Why Lyme disease bacteria and other pathogens don't kill the ticks they infect

Ticks may transmit dangerous pathogens, such as the bacterium that causes Lyme disease, to humans and cattle. Scientists are one step closer to understanding why the ticks aren't killed by these invaders. John Tann/Flickr Creative Commons

The ancient arthropods we call ticks are a scourge upon humans. The bloodsucking creatures carry bacteria, viruses and parasites that enter our circulatory systems when they latch on to our bodies for a feeding. In particular, the blacklegged tick spreads Lyme disease, a debilitating illness that is difficult to diagnose and treat.

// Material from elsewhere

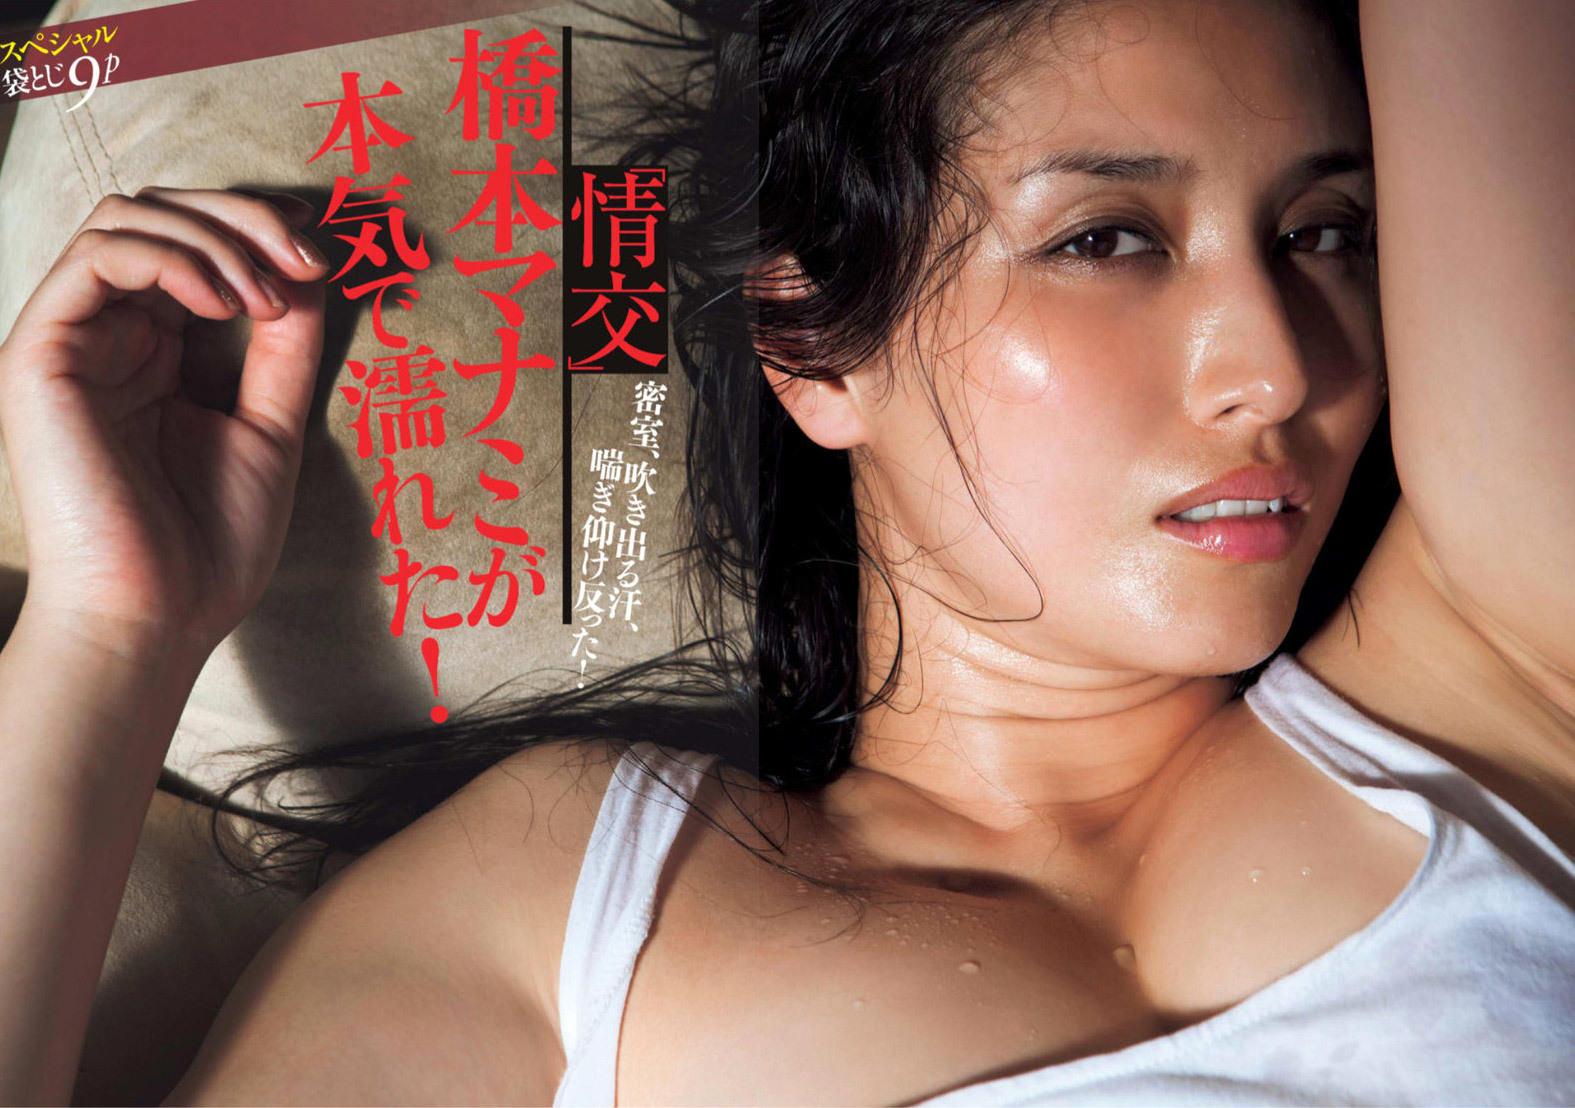 (朗報)橋本マナミさん(34才)、やっとHカップのチクビ解禁☆色はまさかのwww…→

Nearly 30,000 people in the U.S. were infected with the Lyme disease bacterium, Borrelia burgdorferi, in 2015.

The fact that ticks aren't killed by Borrelia burgdorferi or any of the other human-harming microbes they host has long puzzled scientists. "No one understands why ticks can transmit so many different pathogens," says Joao Pedra, who studies microbiology and immunology at the University of Maryland School of Medicine.

Pedra wanted to know what was happening inside the tick immune system when such an invader enters the organism. Although much is understood about the immune pathways of disease-carrying mosquitoes—which are not killed by the malaria, dengue, Zika and other pathogens they transmit—the equivalent process inside ticks was a mystery.

Using a technique called RNA interference, Pedra and his colleagues unpacked the tick immune system and found that a gene called IMD, known to encode a key molecule in the mosquito immune system, was absent from the ticks. Several other genes followed the same pattern: essential for mosquito immunity, absent from the tick system.

The researchers also looked at PGRP, another crucial component of the mosquito immune response. It binds to sugar molecules in the cell walls of invading pathogens as part of triggering an immune reaction. PGRP is present in ticks, but it doesn't do anything to an invading bacterium.

More mysterious still was their discovery that the pathway to which IMD, PGRP and other mosquito immunity molecules are linked—the immunodeficiency, or IMD, pathway—was also active in ticks. So the route along which immune signals travel is similar but the exact mechanisms are different.

A closer look revealed that rather than focusing on sugar as the sign of a foreign invader, the tick immune system responds to lipids, or fat cells. In particular, two lipid molecules known as POPG and PODAG activated the IMD pathway in ticks.

The study was published Tuesday in Nature Communications.

Why would the tick immune system home in on fat molecules? Anni Kleino, who researches infectious diseases at the University of Massachusetts Medical School, studying in particular the IMD pathway in fruit flies, points out that Borrelia burgdorferi does not contain the cell wall sugar attacked by the mosquito immune system. Rather, this bacterium uses lipids to keep its structure intact. The role of lipids in the tick immune response may indicate that this arthropod is uniquely adapted to handle the bacteria.

Pedra speculates that the tick does not completely expel the Lyme-carrying bacteria because, for the tick, it is not a pathogen. Rather, the bacteria contain an antifreeze protein that may enable the tick to survive cold weather.

The different immune mechanisms emphasize the evolutionary distance between mosquitoes (and other insects) and ticks, which are more closely related to spiders and scorpions. "Ticks and insects are about 500 million years apart in evolution," says Pedra. "It's the same thing as comparing humans to fish."

As for whether this laboratory science could assist in halting the spread of Lyme disease, Pedra thinks it might be possible to alter the tick genome to strengthen its immune response. By doing so, the tick could be forced to eradicate the pathogens that seep into our bodies when ticks feast on our blood.

"We're several years away from this," he says, "but it's nice to think about."